26 Avril 2015
April 25, 2015
AFP-JIJI
Workers have removed radioactive soil from a Tokyo playground where extremely high radiation levels had frightened local residents for days, official said.
Soil underneath a slide at the municipal park in the Ikebukuro district showed radiation readings of up to 480 microsieverts per hour.
Anyone directly exposed to this level would absorb in two hours the government’s annual maximum radiation threshold.
Contractors dug out soil from the spot on Friday, and the radiation reading returned to normal, around 0.06 microsieverts per hour, according to local reports.
Workers suspect the contamination was from radium, which is used for medical tools and glow-in-the-dark paint for watches, reports said.
Yukio Takano, the mayor of Toshima Ward, where the park is located, said in a statement that the problem, which fanned fears for the health of area children, was likely to end soon.
“The amount of radiation has been dramatically reduced after a test excavation” of the soil, said the statement, released late Friday.

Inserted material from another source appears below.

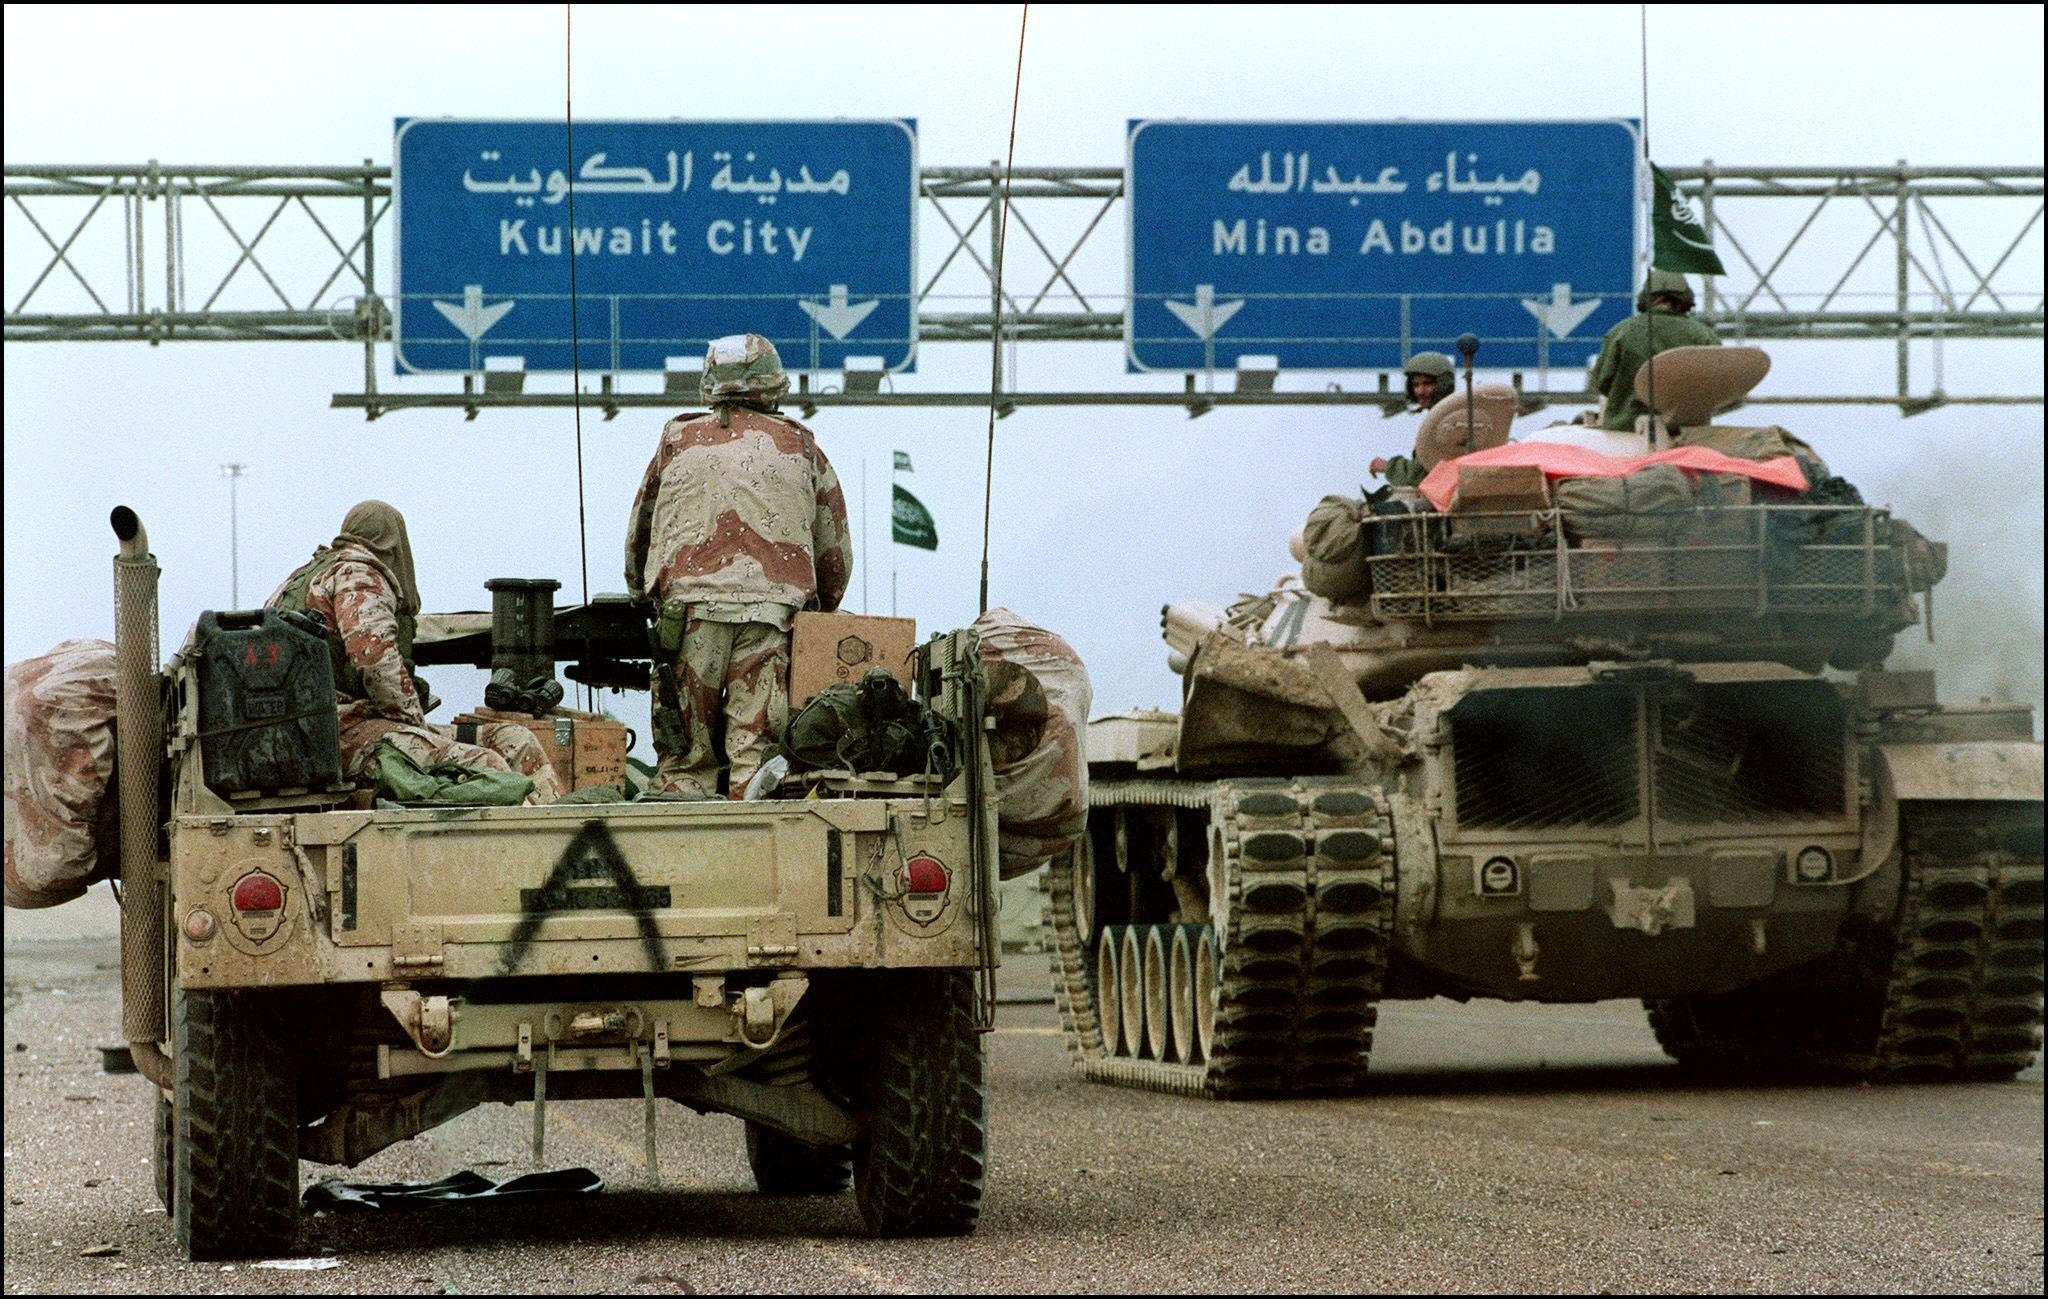 A US Humvee and a Saudi tank pass under a sign directing them to Kuwait City in February 1991 during the Desert Storm offensive

The contamination came to light after a local resident reported it on Monday, but officials say they do not think it is connected to the disaster at the Fukushima No. 1 nuclear plant.
The park, Ikebukuro Honcho Densha no Mieru Koen, was built in 2013, two years after the Fukushima reactor meltdowns, on what was previously a parking lot for Tokyo’s sanitation department, a local official said.

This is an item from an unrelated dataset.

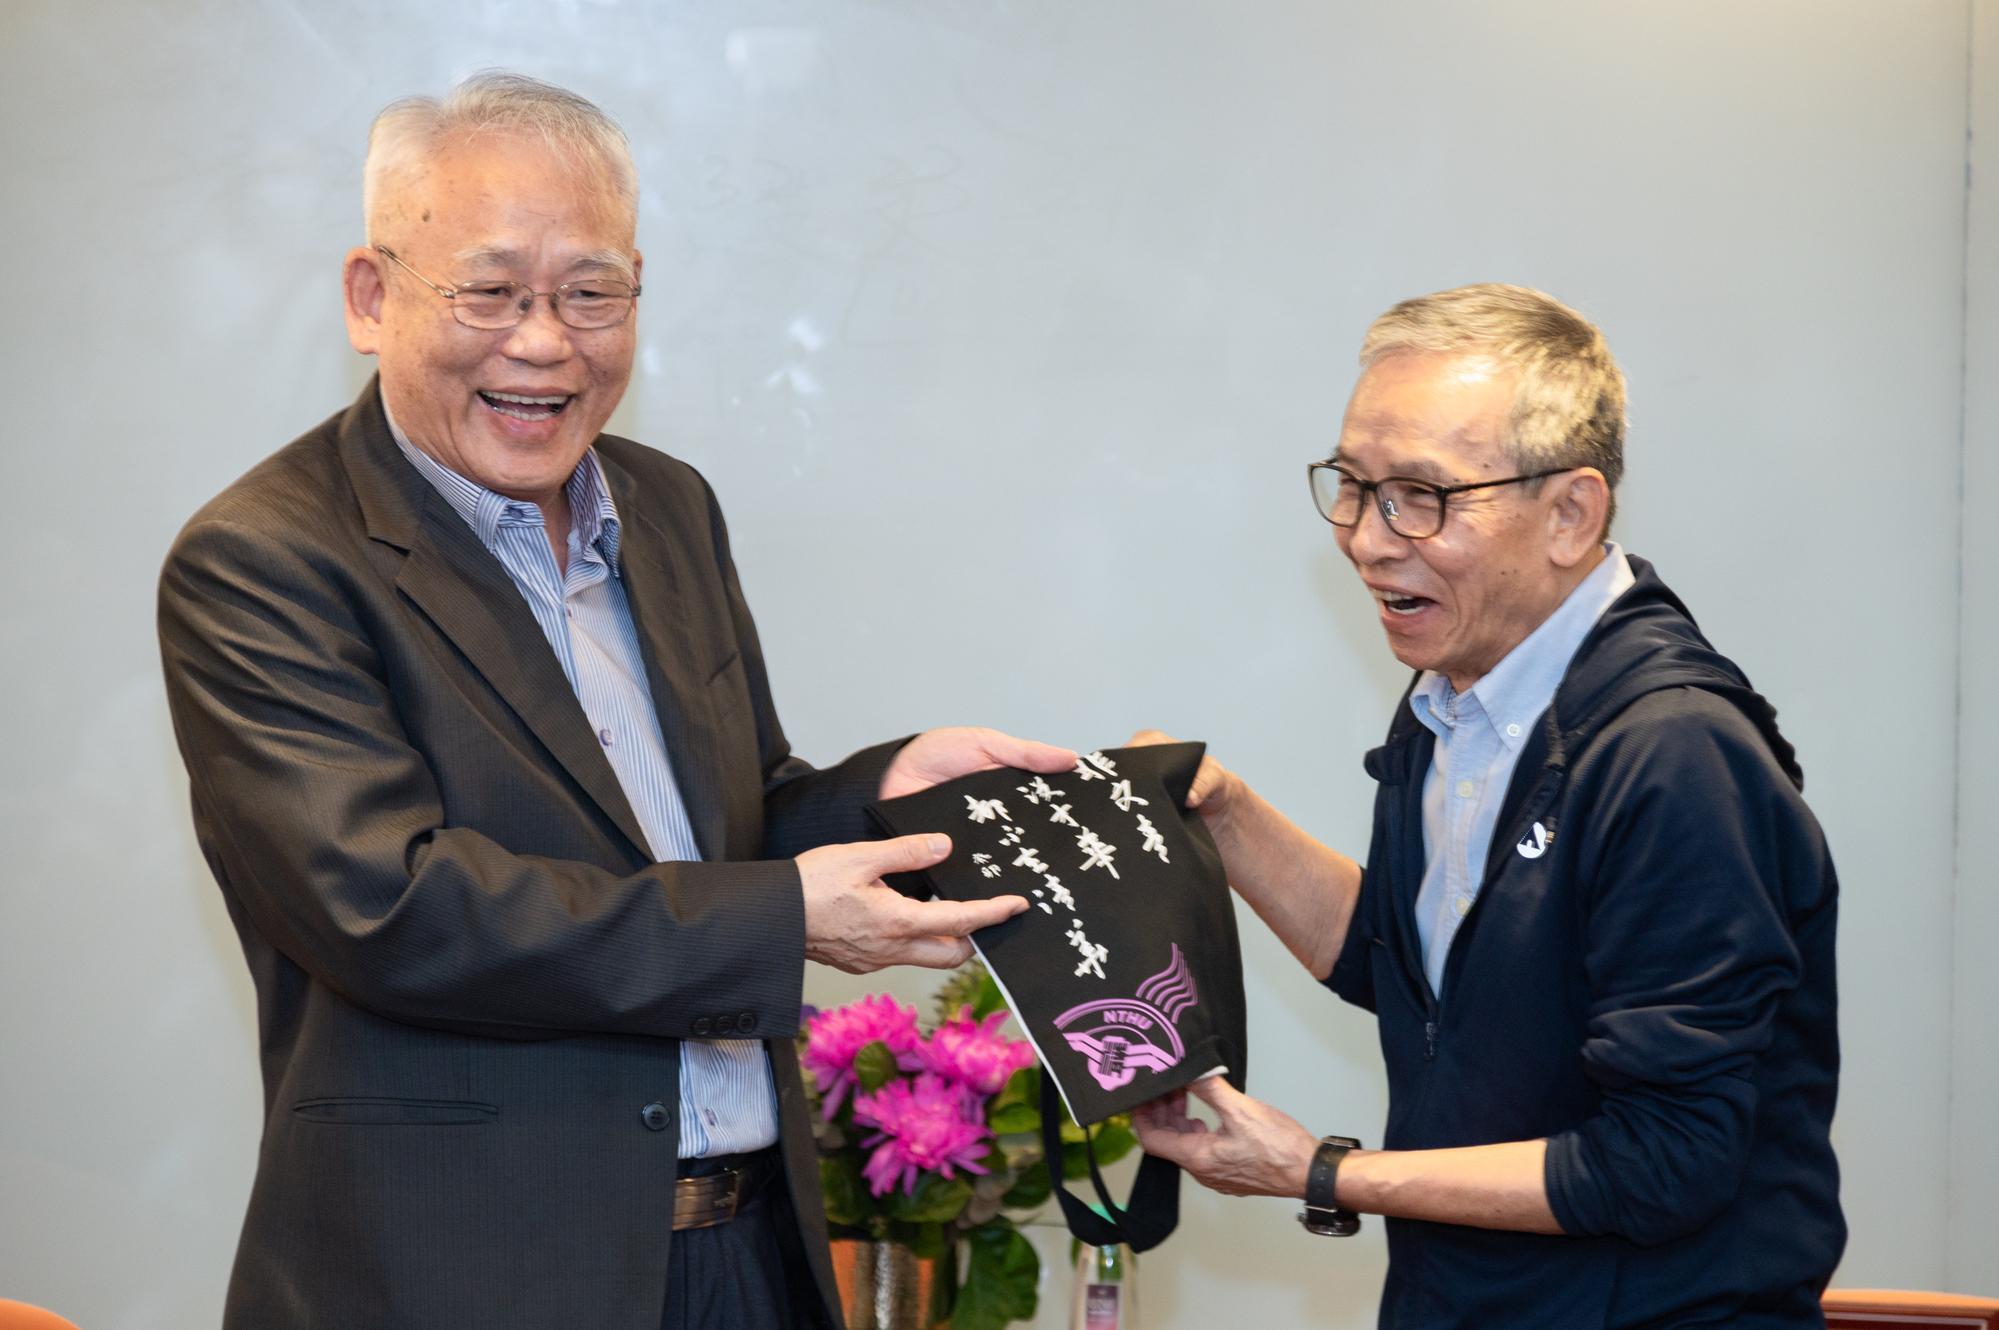 NTHU Senior Vice President Nyan-hwa Tai (戴念華) (left) presents the letter of appointment to Nien-jen Wu (吳念真) as writer-in-residence 2023.

Top soil at the lot was replaced before the land was turned into a park.
Many families in eastern Japan continue to survey the levels of radioactive contamination around their homes, distrustful of government assurances that most places were not affected by the Fukushima crisis.
Such efforts have led some people to discover radioactive materials that have been dumped in their neighborhoods. Months after the Fukushima crisis started in 2011, officials found bottles of radium discarded in Tokyo under a private house and a supermarket.